Sous les arcades médiévales de Nyons, les étalages débordaient. L’épicier Fraychet suspendait lièvres et perdreaux bien en vue. Rien ne devait se perdre. Les invendus étaient transformés en conserves maison, mises en bocaux à l’arrière des boutiques.
Cette logique racontait à elle seule l’histoire locale de Nyons : une économie de bon sens, de débrouille, parfois de survie, mais toujours de respect du produit.
Vers 1900, Élie Pinet reprend l’emplacement de l’ancien Café du Commerce. Le lieu change de fonction, mais pas d’âme. Le jeudi, les paysans s’y retrouvent, mangent leur biasse, discutent affaires.

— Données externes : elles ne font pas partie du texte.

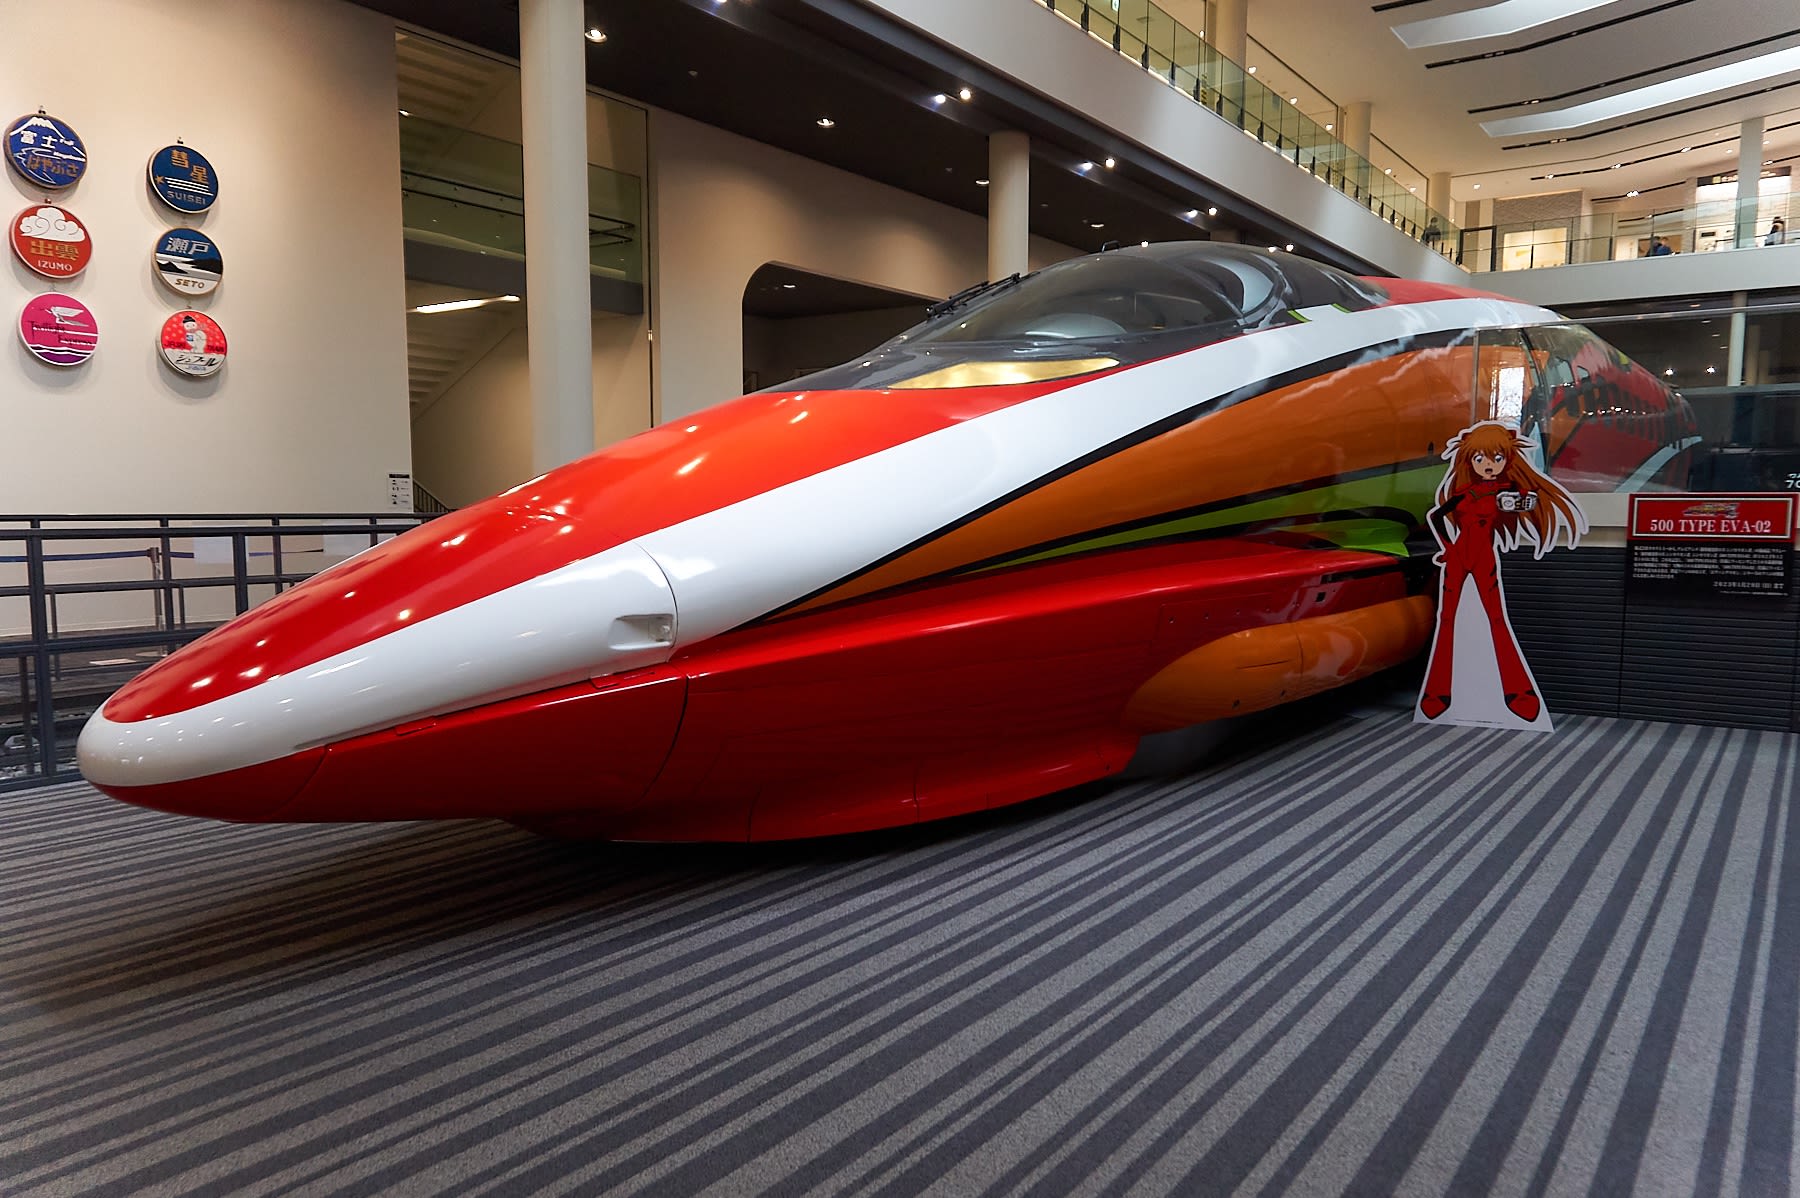 京都鉄道博物館 「500 TYPE EVA-02」仕様500系新幹線電車特別展示

Au Café Allian, on partage les restes, on joue au billard, on fréquente le cercle ancien. Le chauffage est au bois. Les sonnettes relient les pièces. Tout est organisé, pensé, réglé.
Les prix donnent le vertige aujourd’hui, mais racontent une époque :
– café ou bock : 25 centimes
– vermouth : 2,50 francs le litre
– absinthe : 2,50 francs le demi-litre
La librairie Pinet devient un pilier du patrimoine urbain nyonsais. Sa clientèle va jusqu’à 80 km à la ronde, notamment pour les écoles. À l’arrière-boutique, on fabrique des cahiers cousus, on imprime cartes et faire-part.
La logistique repose sur la gare PLM et sur le char à cheval de Poujoulat. Pendant la Première Guerre mondiale, puis à partir de 1931, Augusta Pinet tient la librairie. Une femme solide, respectée, indispensable à la vie locale.
Aujourd’hui, la librairie en est à sa troisième génération. Le monde a changé. Les commerces aussi. Mais quand on traverse le cœur ancien de Nyons, quand on marche sous les arcades, la mémoire populaire de Nyons est toujours là.
Les témoignages et souvenirs nyonsais circulent encore. Et tant qu’il restera quelqu’un pour les raconter, Nyons restera ce qu’elle a toujours été :
un village à taille humaine, profondément commerçant, profondément humain.